The problem: Copy the data exactly; pictures stay out of the copy.

Data shown:
----------------
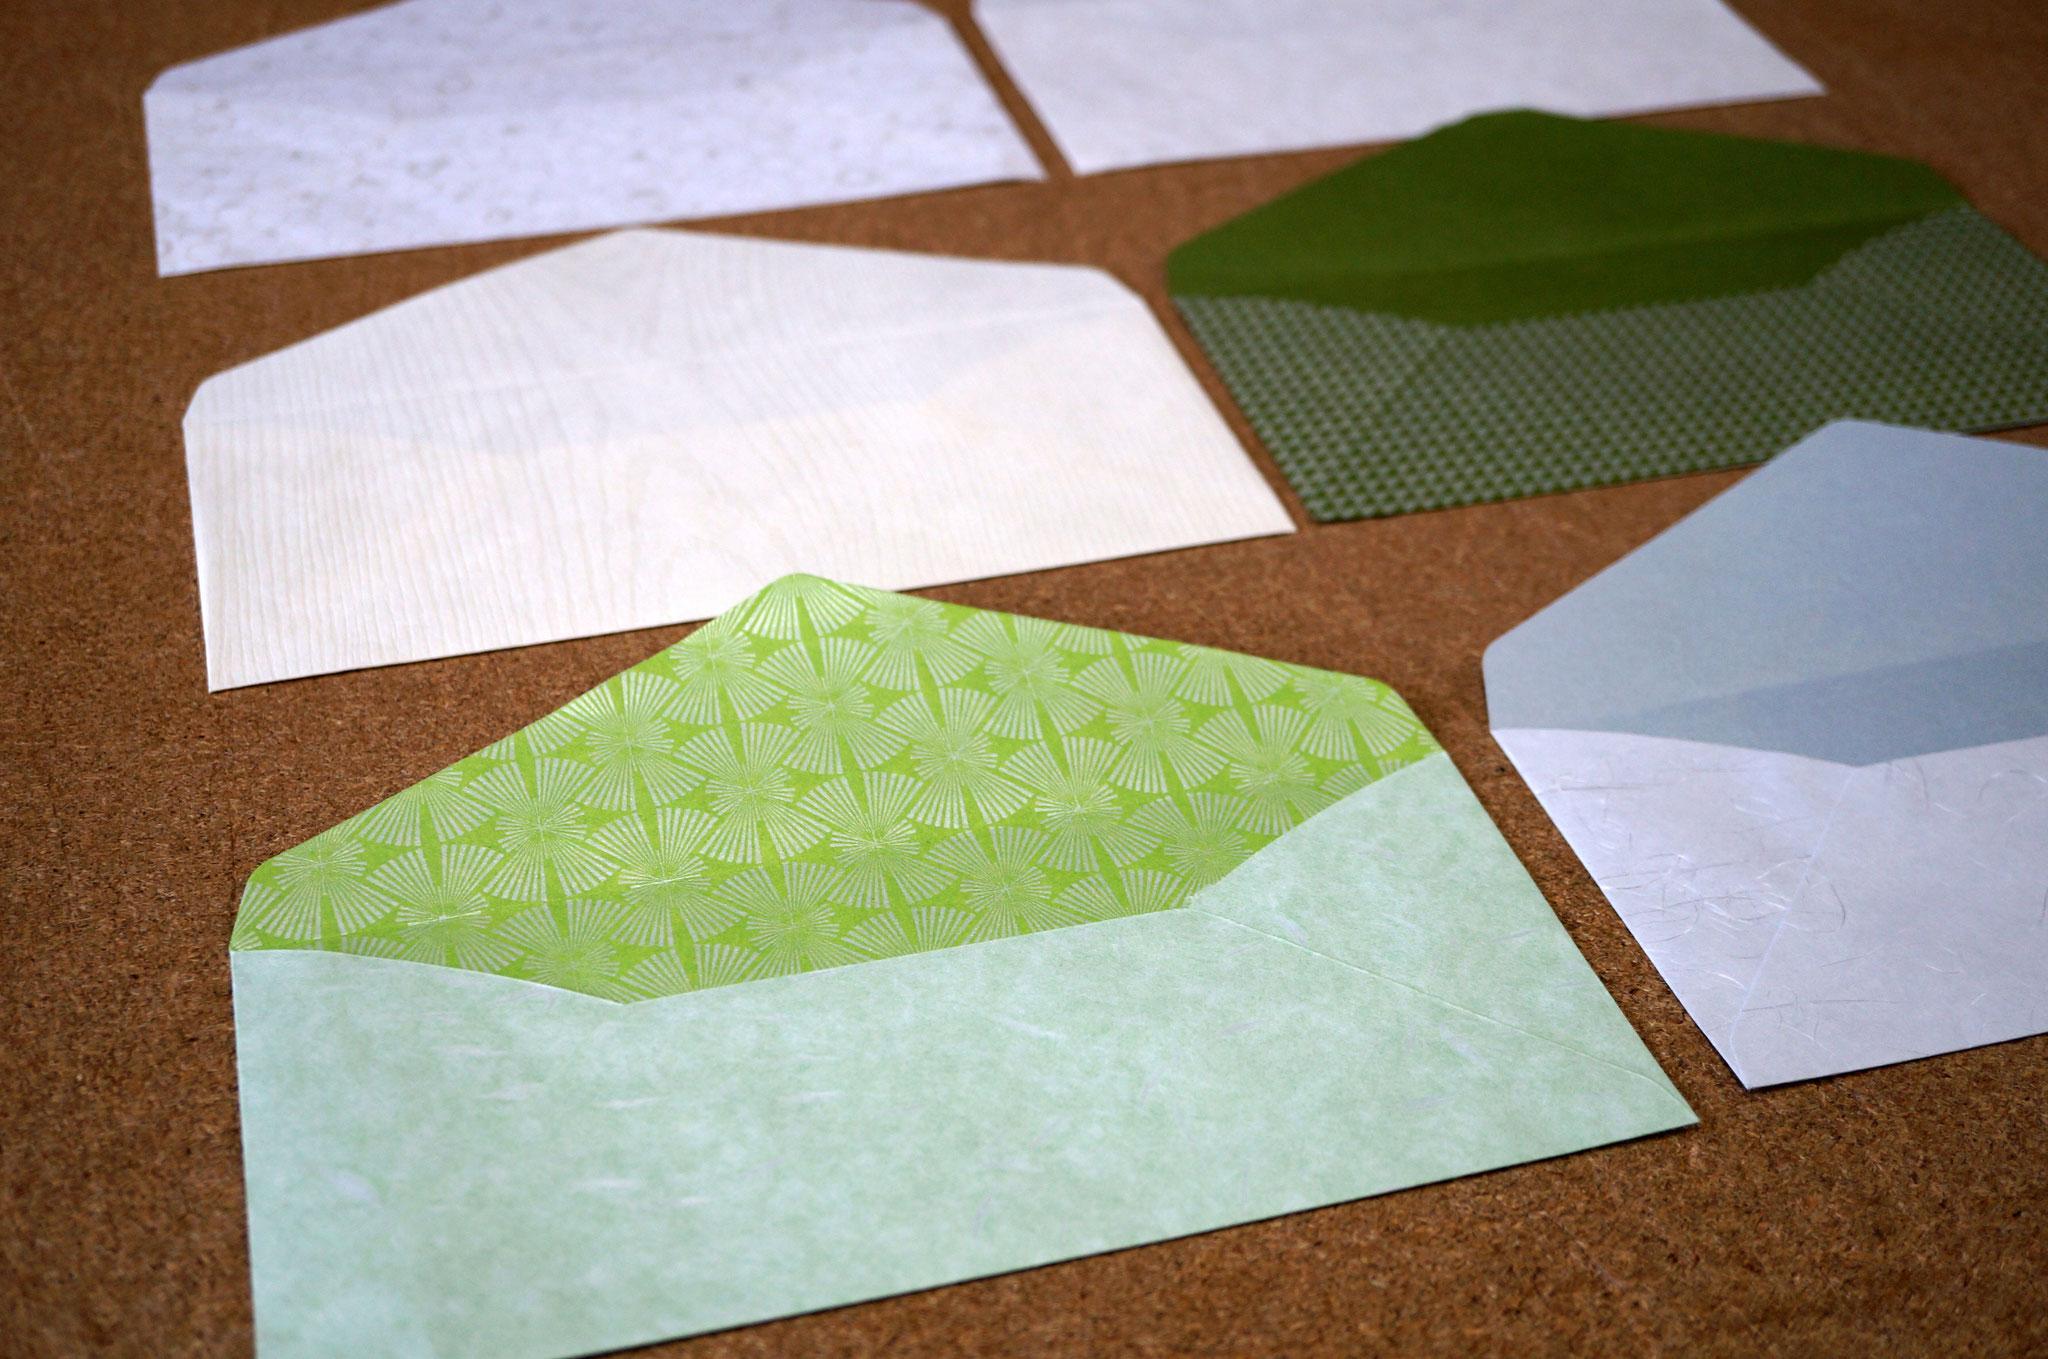 和紙の色や素材感を生かして、別注にて洋形4号の封筒をお仕立てできます
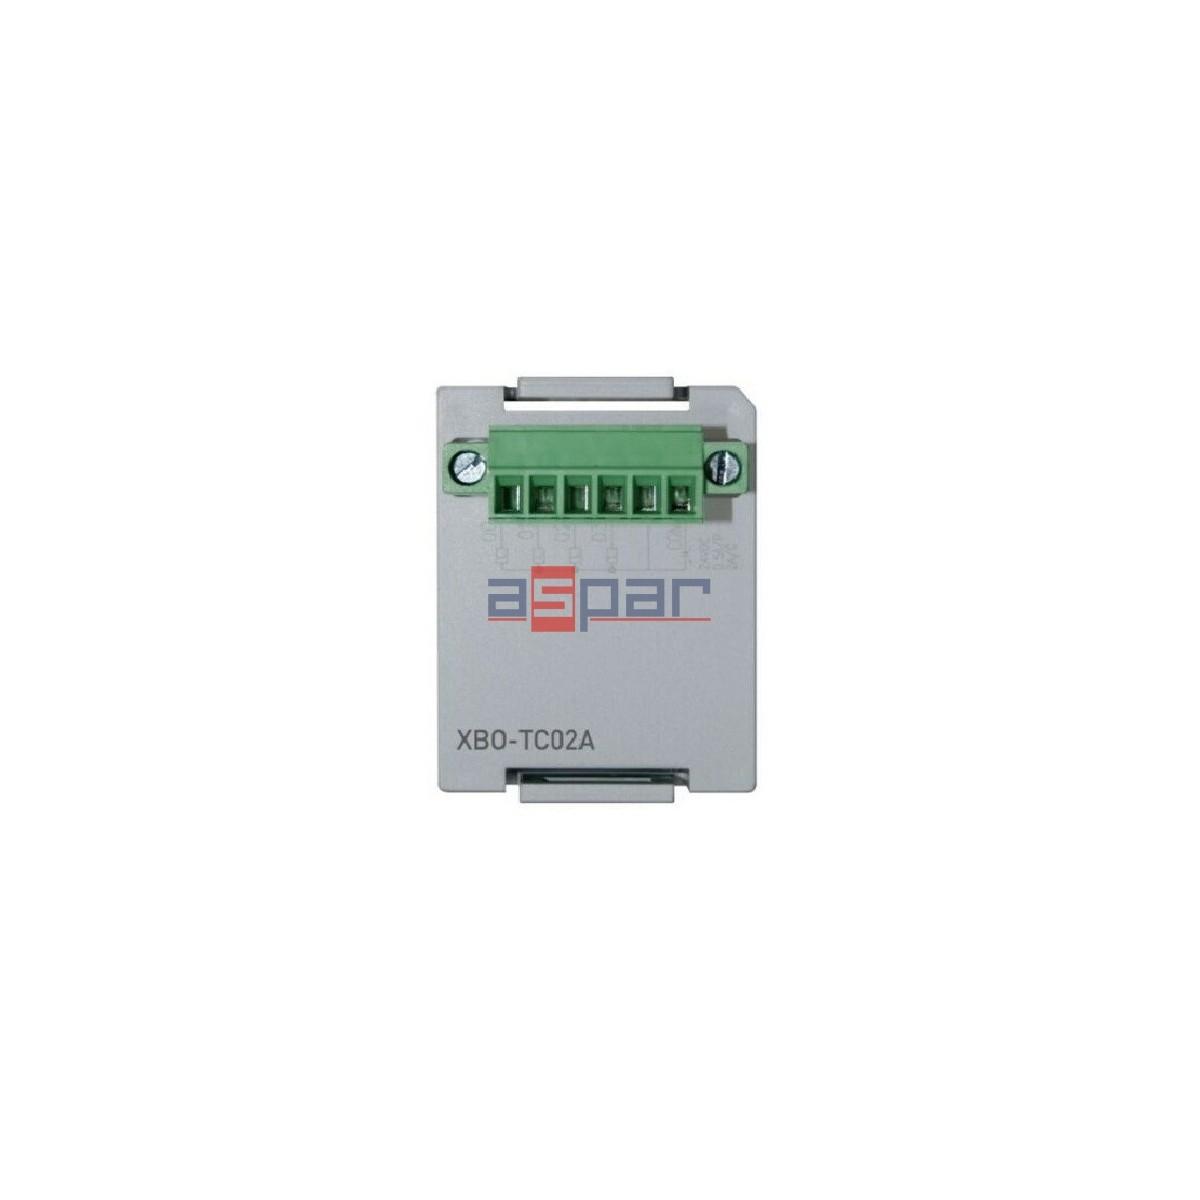 XBO-TC02A - 2-ch TC input
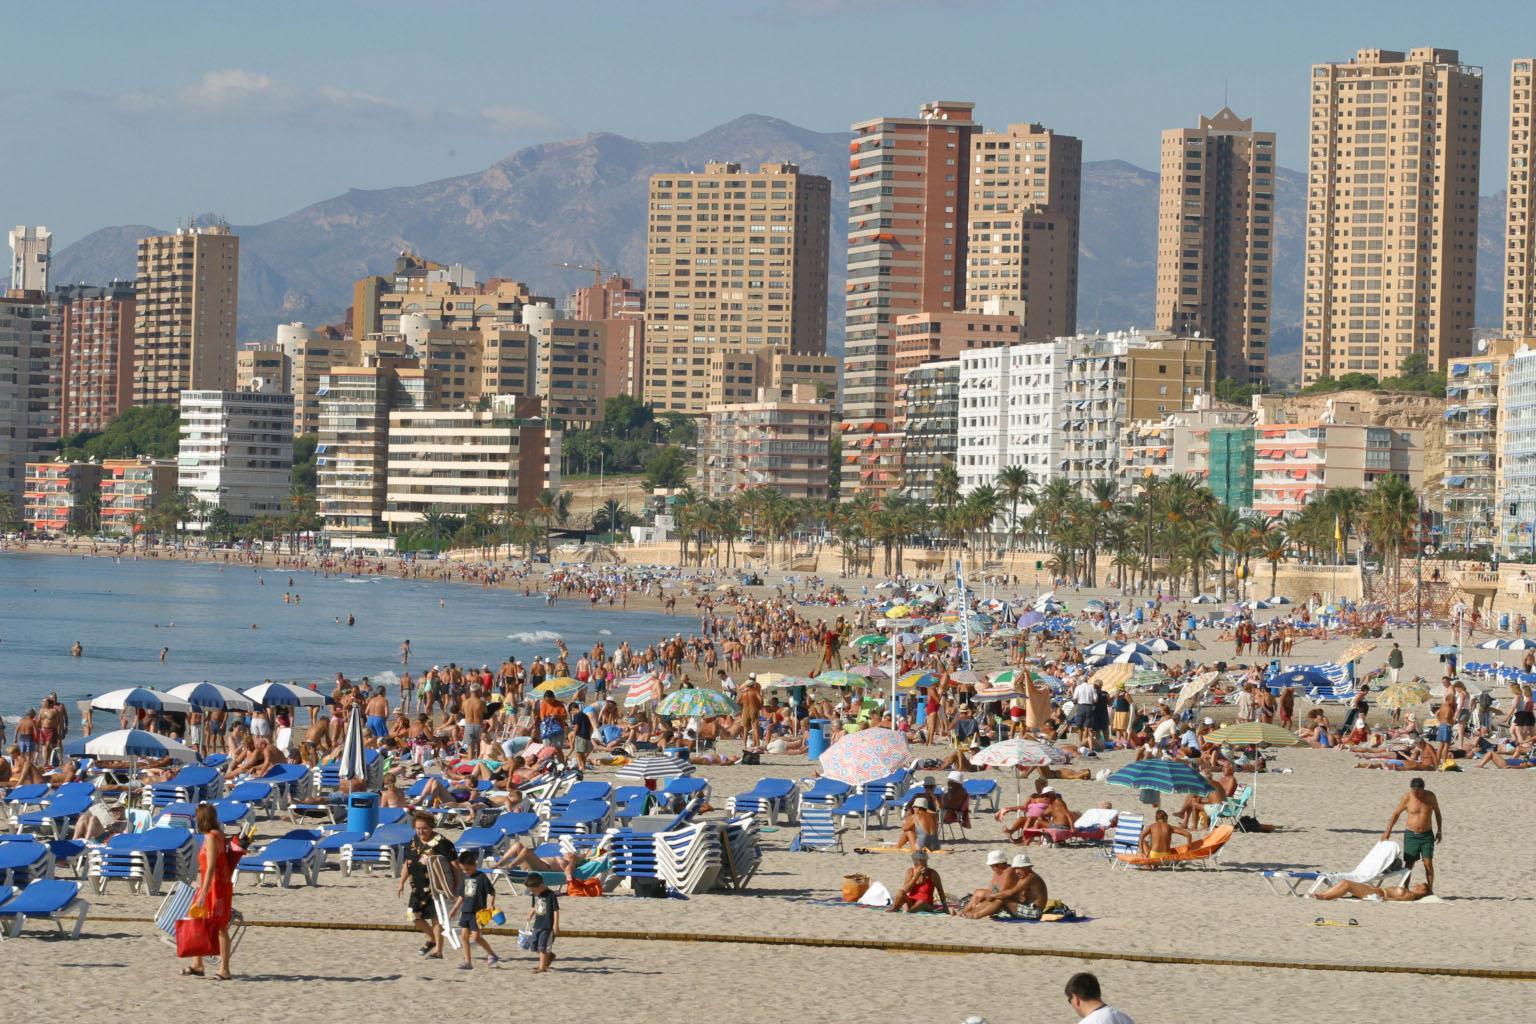 Benidorm cerrará la temporada alta con el puente de octubre y más del 95% de sus plazas hoteleras ocupadas
----------------
Response below:
 和紙の色や素材感を生かして、別注にて洋形4号の封筒をお仕立てできます
 XBO-TC02A - 2-ch TC input
 Benidorm cerrará la temporada alta con el puente de octubre y más del 95% de sus plazas hoteleras ocupadas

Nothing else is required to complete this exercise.